(DATASET EXCERPT Opens)

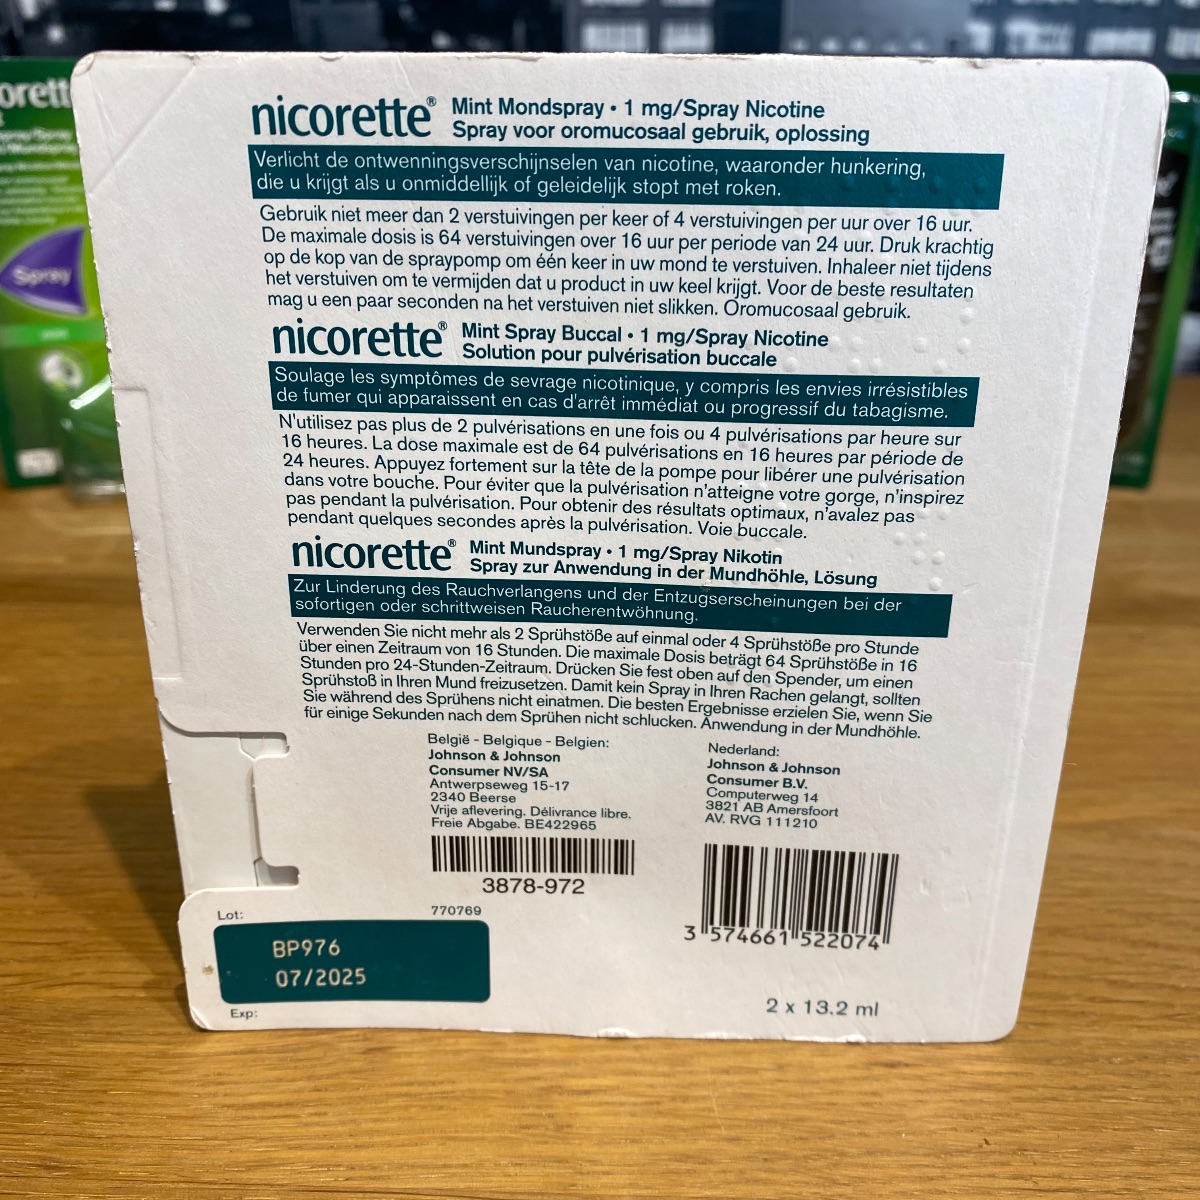 Nicorette Mint Mouth Spray Freshmint Nicotine Sprays 2 x 150gr Pack Sealed MOUTH SPRAY 3574661522074 (Brand New)
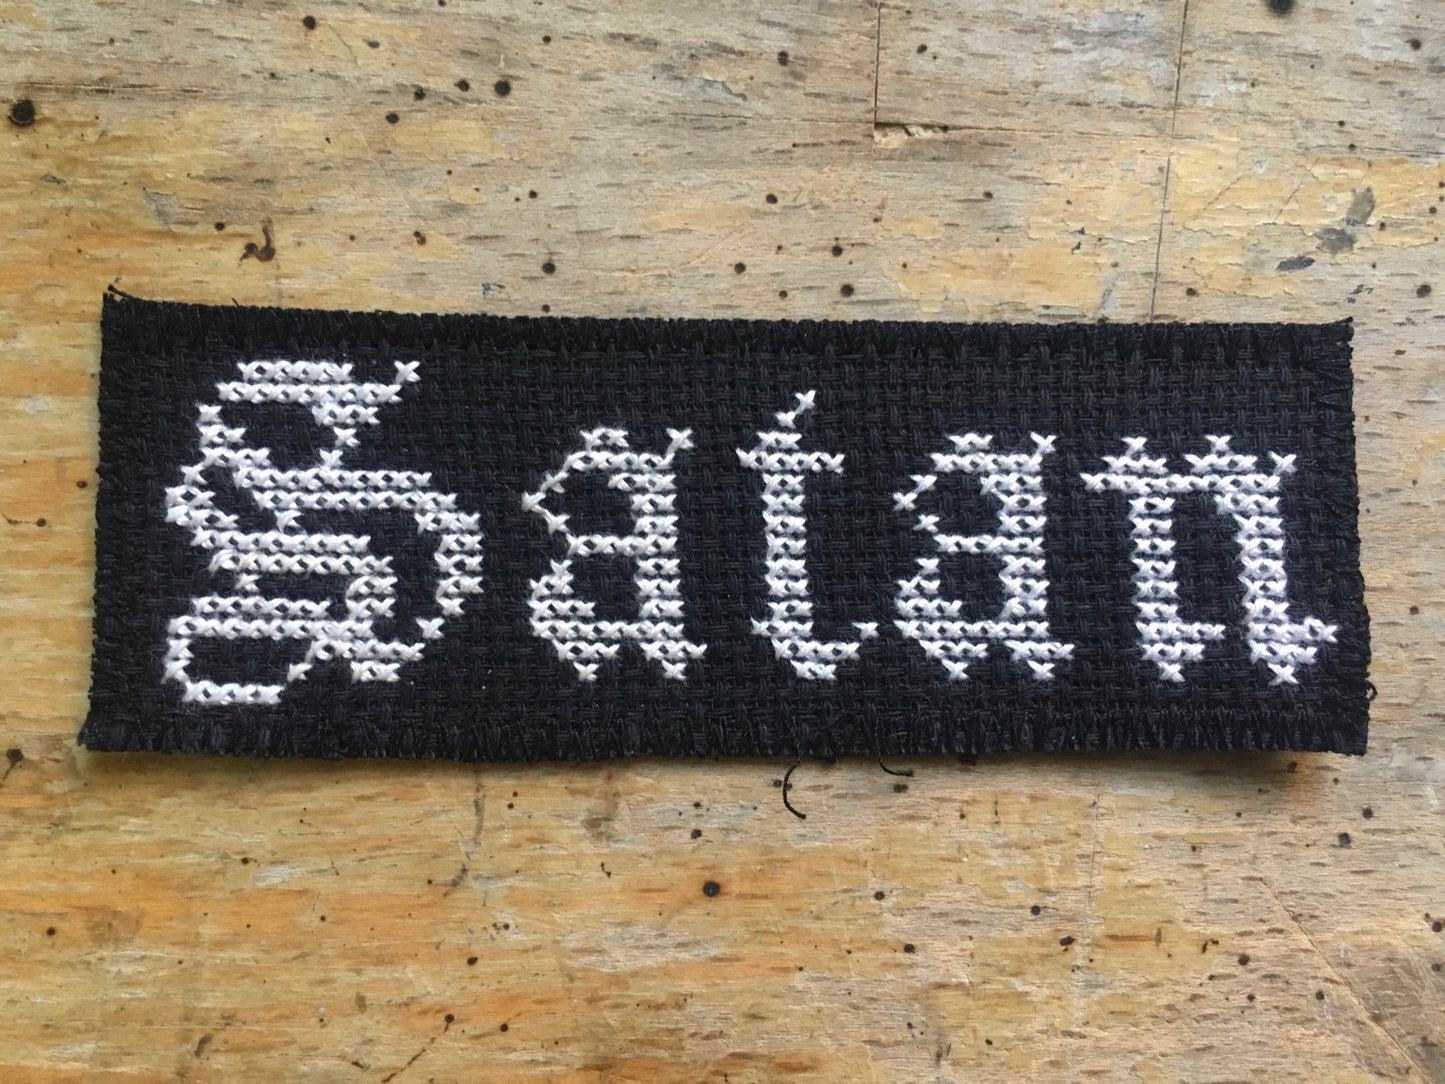 Satan - Hand-embroidered Patch - Sajko Art
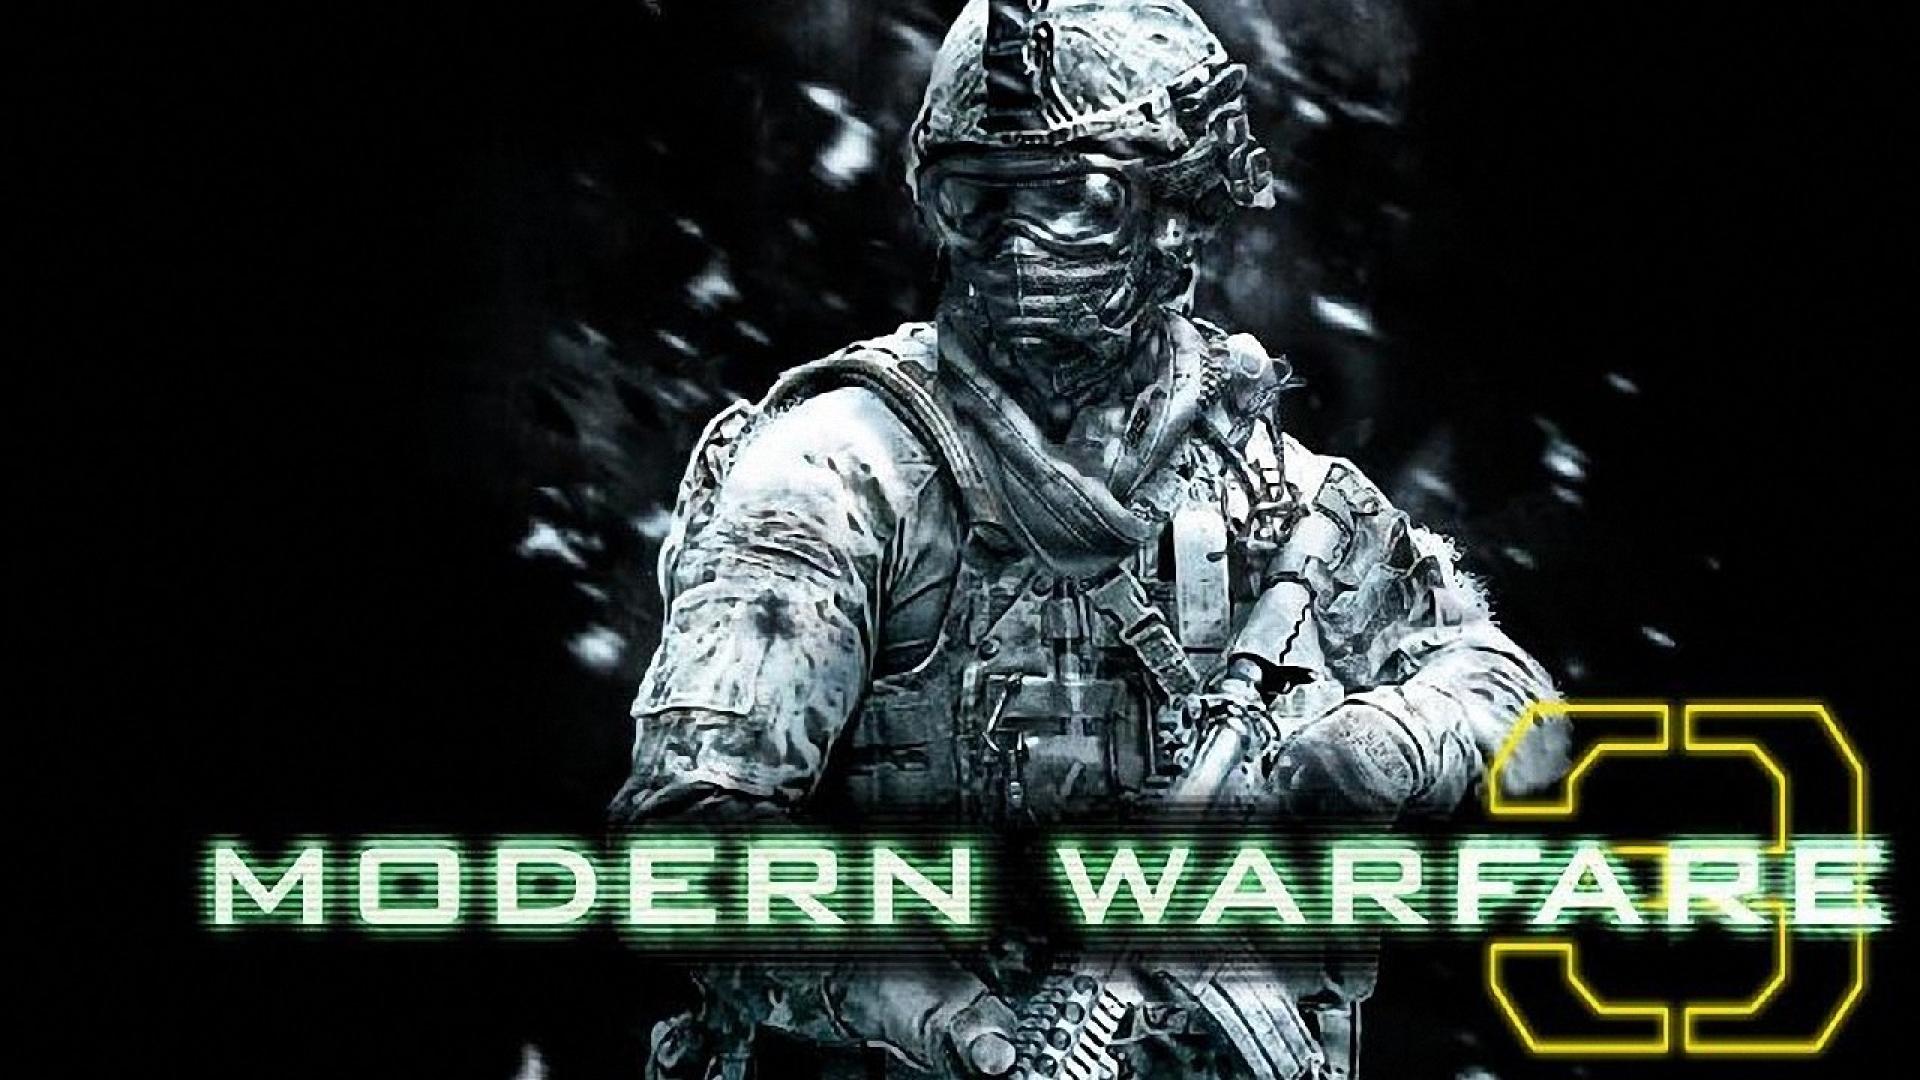 Modern Warfare 3 1920x1080 Wallpapers, 1920x1080 Wallpapers ...
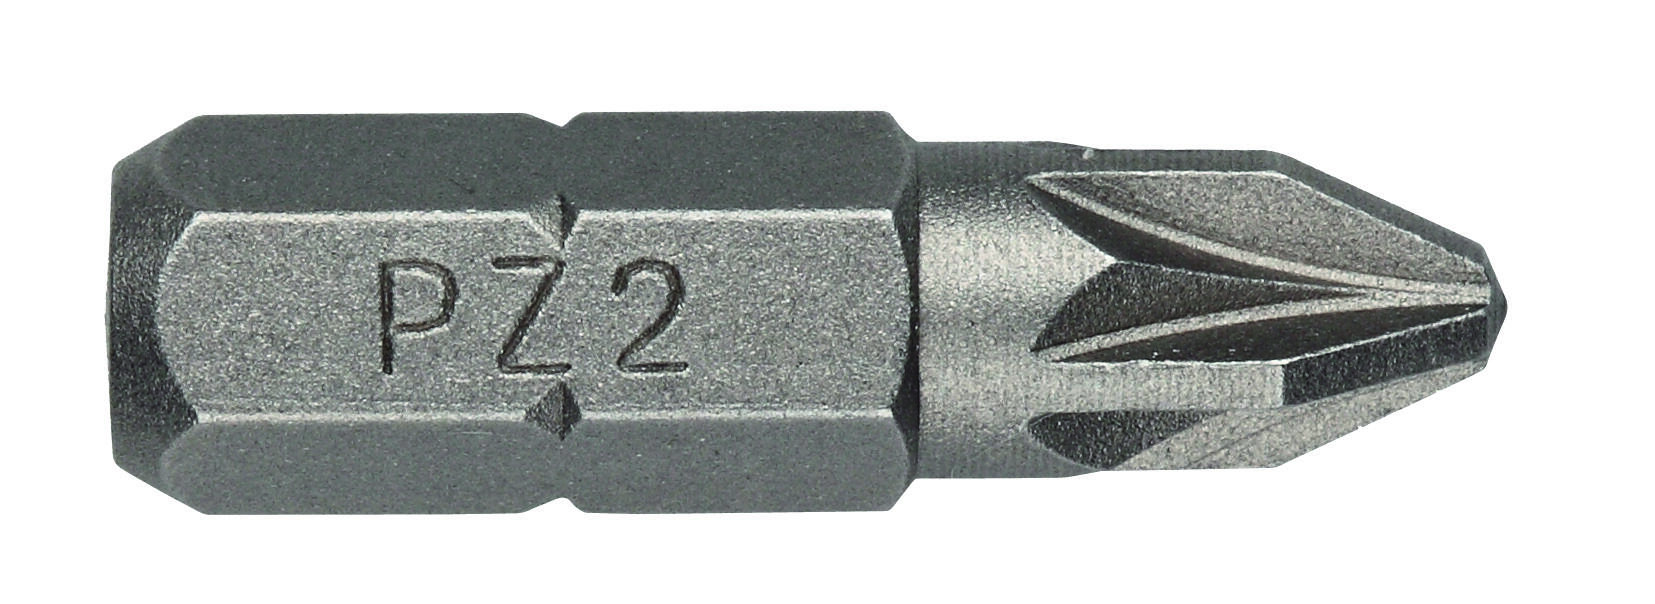 bit nástavec POZIDRIV 2  25mm (10ks)  IRWIN 0.09 Kg MAXMIX Sklad14 671122 13

(DATASET EXCERPT Closes)

### [TASK ITEM]
Could you give back the full listing word for word, leaving out the images?

### [WRITTEN SOLUTION]
 Nicorette Mint Mouth Spray Freshmint Nicotine Sprays 2 x 150gr Pack Sealed MOUTH SPRAY 3574661522074 (Brand New)
 Satan - Hand-embroidered Patch - Sajko Art
 Modern Warfare 3 1920x1080 Wallpapers, 1920x1080 Wallpapers ...
 bit nástavec POZIDRIV 2  25mm (10ks)  IRWIN 0.09 Kg MAXMIX Sklad14 671122 13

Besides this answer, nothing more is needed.